Seperti perolehahan dua medali yakni emas dan perak dari atlet cabor lari 200 dan 400 meter Srimaya. Kemudian, ada juga atlet cabor dayung yang turut menyumbang dua emas serta. 

"Jadi untuk cabor terukur akan kami maksimalkan. Sebab, untuk cabor akurasi yang pemenangnya ditentukan berdasarkan penilaian juri, hasilnya tidak bisa maksimal," kata Tubagus. 

Selain itu, tambah Tubagus, persoalan anggaran juga menjadi masalah yang krusial dalam persiapan perhelatan PON 2024. Dia membandingkan, besaran anggaran yang dimiliki Jabar dengan Sumsel. 

"Jabar itu hampir Rp500 miliar. Sementara Sumsel sekitar Rp20 miliar. Jadi sedikit banyak memang ada pengaruhnya," ungkapnya. 

Di sisi lain, KONI Sumsel juga mengalami kendala lantaran tidak dianggarkannya dana hibah untuk organisasi di anggaran induk 2024. "Kami baru bisa mendapatkan dana hibah di Anggaran Belanja Tambahan (ABT) karena masalah administrasi. Tapi, ini akan menjadi bahan evaluasi kami untuk lebih siap kedepannya. Untuk itu juga, diperlukan pengurus yang berpengalaman mengenai hal ini yang nantinya akan dipertimbangkan dalam proses PAW," bebernya. 

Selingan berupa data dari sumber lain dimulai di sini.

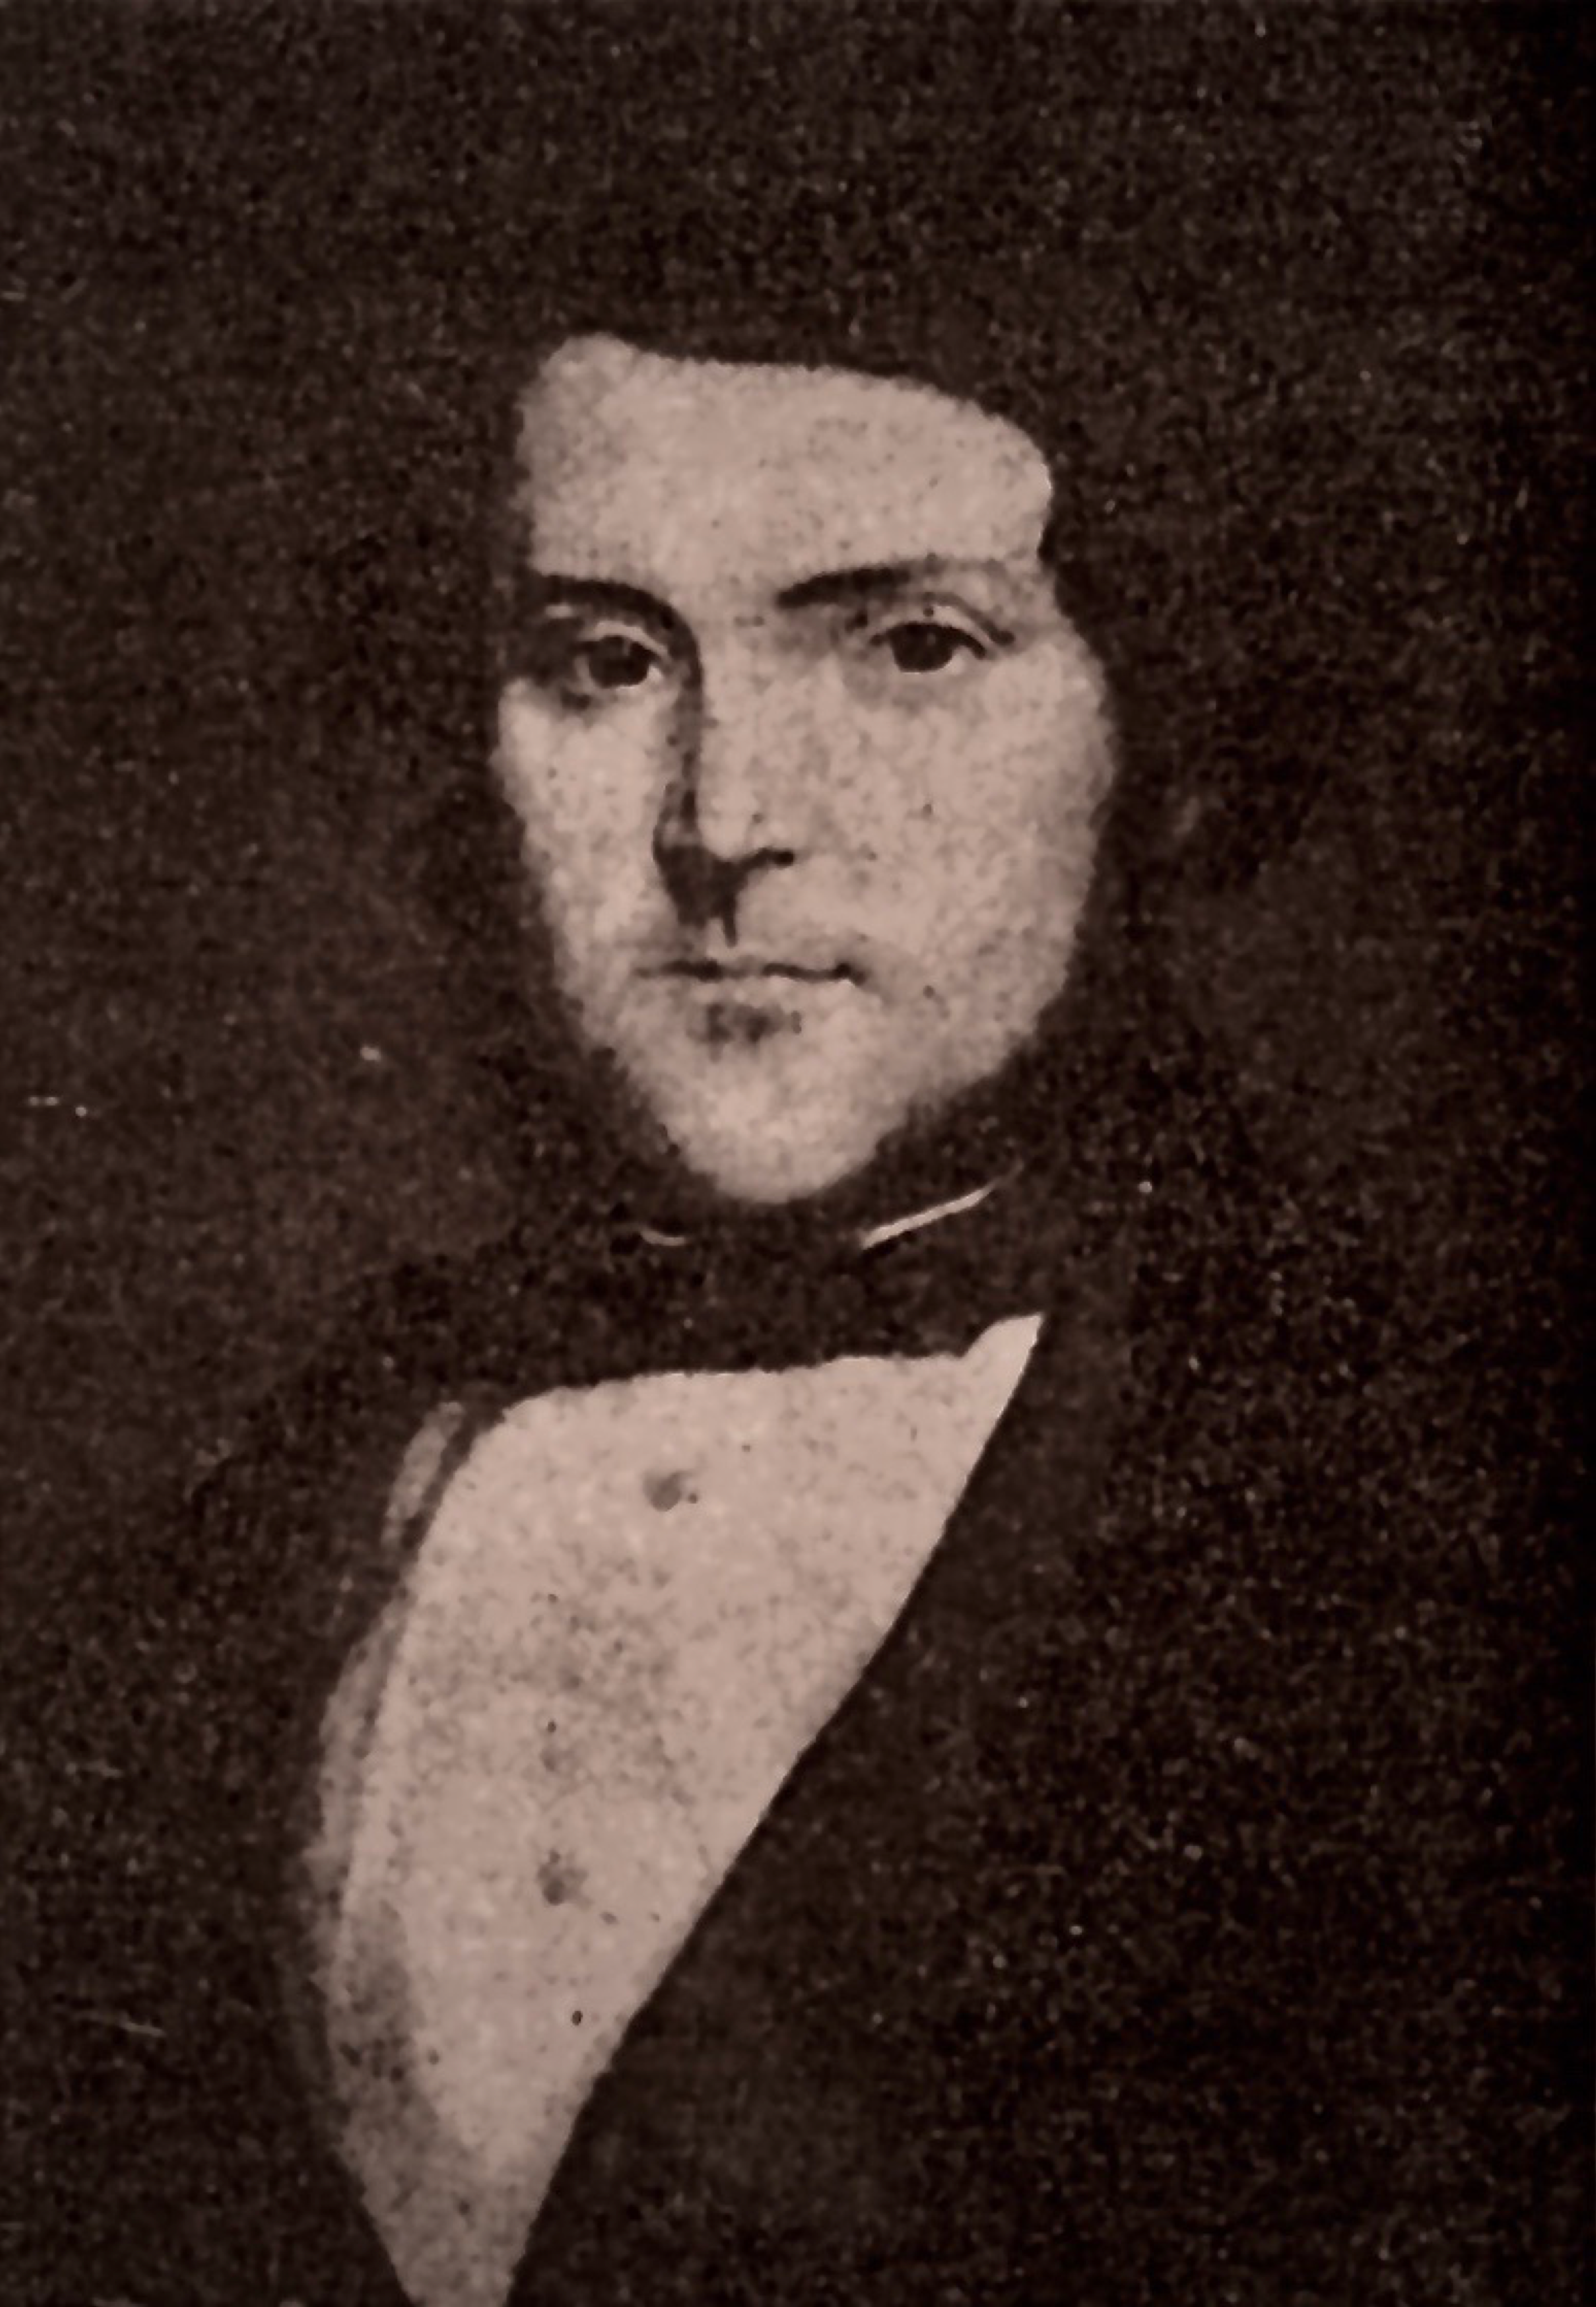 John Isaac Williams - portrait

Sementara itu, Perwakilan Pengurus Provinsi Cabor Sepatu Roda, Cik Naya mengaku cukup kecewa dengan pelaksanaan PON kali ini. Sebab, dari daftar orang yang berangkat, dia menilai banyak yang kurang berkontribusi terhadap pembinaan atlet selama ini. 

"Kami Pengprov ini sudah habis waktu, tenaga dan uang untuk melatih mereka hingga bisa memenangi kejuaraan dan tembus PON. Berangkat ke PON pun masih biaya sendiri. Sementara, ada orang di dalam daftar yang minim kontribusinya dibiayai keberangkatannya. Kami yang pengurus ini melihatnya cukup sakit hati," ungkapnya. 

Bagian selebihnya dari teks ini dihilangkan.